Ahead of the Open | Risk on tone in grains overnight

Wheat led strength overnight as corn followed to the upside.

Pro Farmer Ahead of the Open
Pro Farmer Ahead of the Open
(Lindsey Pound)

GRAIN CALLS

Corn: 5 to 7 cents higher.

Soybeans: 1 to 3 cents higher.

Wheat: SRW 12 to 14 cents higher; HRW 15 to 17 cents higher; HRS 12 to 14 cents higher.

GENERAL COMMENTS: Wheat led strength overnight as corn followed to the upside. Soybeans struggled to break above technical resistance, how prices react after the open will be key. Outside markets are favorable to start the week as the U.S. dollar index is around 150 points lower, while front-month crude oil futures are trading near two-week highs.

AgRural reported the Brazilian soy harvest as 70% completed, up from 61% a week ago and 63% a year ago at this time. Production losses in Rio Grande do Sul continue to garner attention as hot and dry weather are limiting yields. Safrinha plantings were reported at 97% completed. Attention will be on weather, as the seasonal rainy period is coming to an end.

The National Oilseed Processors Association (NOPA) is expected to report its members crushed 185.2 million bu. of soybeans in February, according to a Reuters survey. That would be down 7.6% from January and 0.5% less than last year’s record for the month. Soyoil stocks are expected to rise to 1.386 billion pounds.

The Organization for Economic Co-operation and Development (OECD) lowered their G20 GDP forecast to 3.1% for 2025 and 3.0% for 2026 after previously projecting GDP at 3.3% for both years previously. That would be down from 3.2% in 2024. The firm notes a tariff and inflation driven slowdown in the U.S., Mexico and Canada as the leading cause in faltering G20 GDP growth. U.S. growth forecasts have been downgraded to 2.2% in 2025 and 1.6% in 2026. Canada’s growth forecast has been drastically reduced to 0.7%, while Mexico is expected to enter a recession.
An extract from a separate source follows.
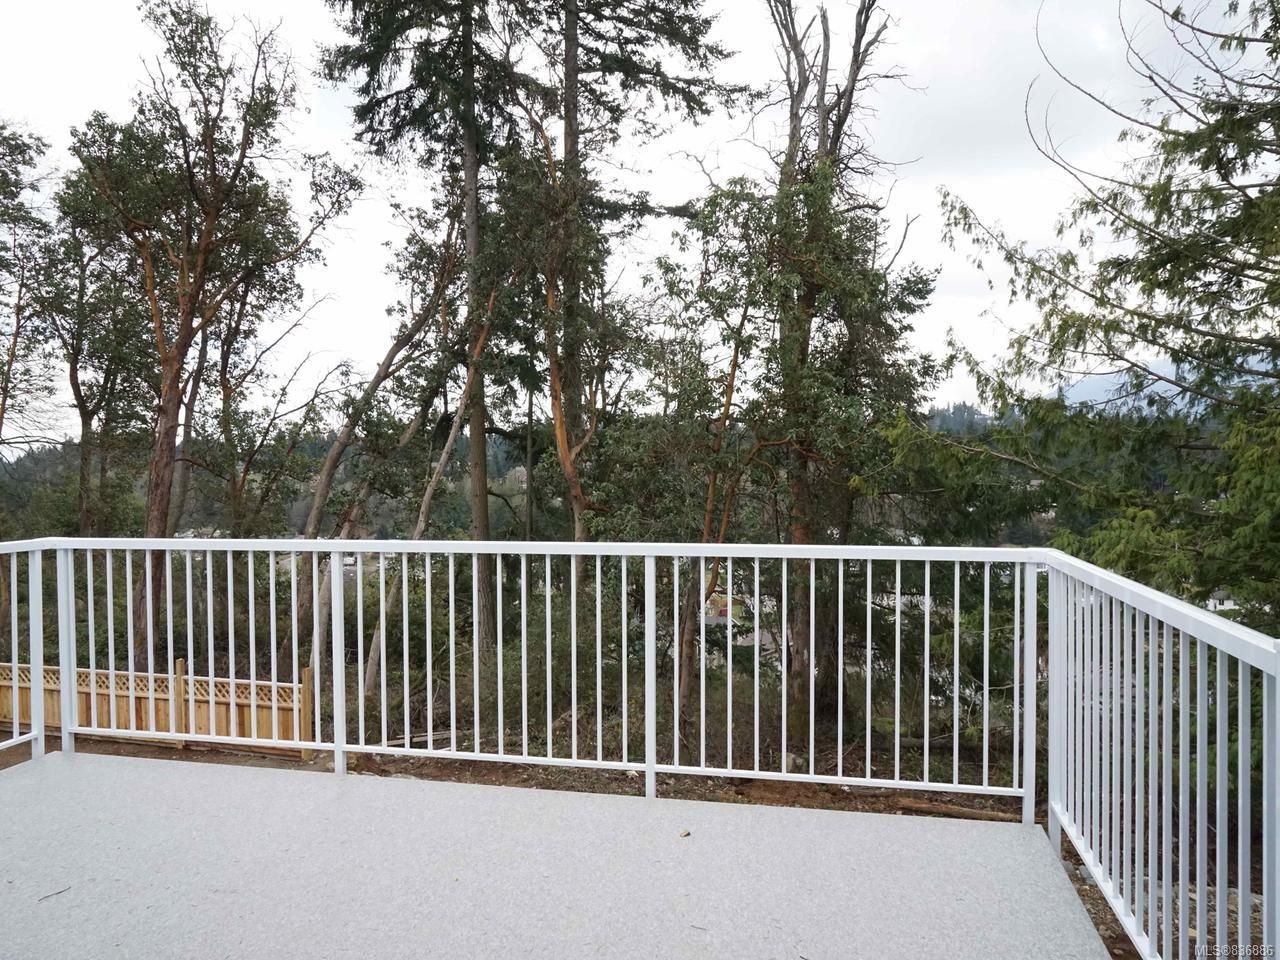 Photo 6: Photos: 123 Lindquist Rd in NANAIMO: Na North Nanaimo House for sale (Nanaimo)  : MLS®# 836886

U.S. Secretary of State Marco Rubio stated on Sunday that after imposing tariffs on major trading partners, the U.S. could pursue bilateral trade talks to establish new agreements. His comments follow President Donald Trump’s threat to impose a 200% tariff on European alcohol imports, intensifying global trade tensions. Speaking on Face the Nation, Rubio emphasized that the tariff measures are universal and aimed at creating a new “baseline of fairness and reciprocity” before engaging in further negotiations. “This is global. It’s not against Canada, it’s not against Mexico, it’s not against the EU, it’s everybody,” Rubio said. He reiterated that the current trade dynamics are unsustainable and require a fundamental reset.

CORN: May corn futures followed wheat higher overnight. Bulls are eyeing resistance at $4.66 3/4, the 10-day moving average, which is reinforced by resistance at $4.71. Support comes in at $4.60 then last week’s low of $4.56 1/4 on selling pressure.

SOYBEANS: May soybean futures are butting against resistance. Bulls are seeking to close prices above downtrend resistance at $10.18, which is backed by the psychological $10.25 mark. Support comes in at $10.11 1/4 then the psychological $10.00 mark on a reversal lower.

WHEAT: May SRW futures posted impressive gains overnight. Prices stalled at the 40-day moving average, which will stand as resistance at $5.69 1/4. Strength above that mark targets resistance at $5.75. Resurgent weakness has bears targeting support at $5.61, the 10-day moving average.

LIVESTOCK CALLS

CATTLE: Choppy/lower.

HOGS: Choppy/lower.

CATTLE: Live cattle futures and feeders are expected to open with a mostly weaker tone as the market reflects tepid demand. Cash cattle trade was light going into Friday, this morning’s release of least week’s cash cattle average could provide a catalyst in futures. Cash trade this week is once again likely to be pushed late into the week given the Cattle on Feed Report. Reports of China letting export licenses lapse to over a thousand U.S. plants could weigh on prices as expectations for export demand sink. Wholesale beef ended Friday lower as Choice cutout fell $1.42 while Select slipped $1.15 to $306.32.

HOGS: Lean hog futures are expected to open with a mostly weaker tone as cash fundamentals continue to struggle garnering much bullish momentum. Lower expected exports to China could also weigh on prices today with China letting export licenses lapse. The CME lean hog index is down 19 cents to $89.55 as of March 13, though that remains above the late February low. Pork cutout continues to balance between $95.00 and $100.00, most recently inching 9 cents higher to $97.38, led by strength in ribs.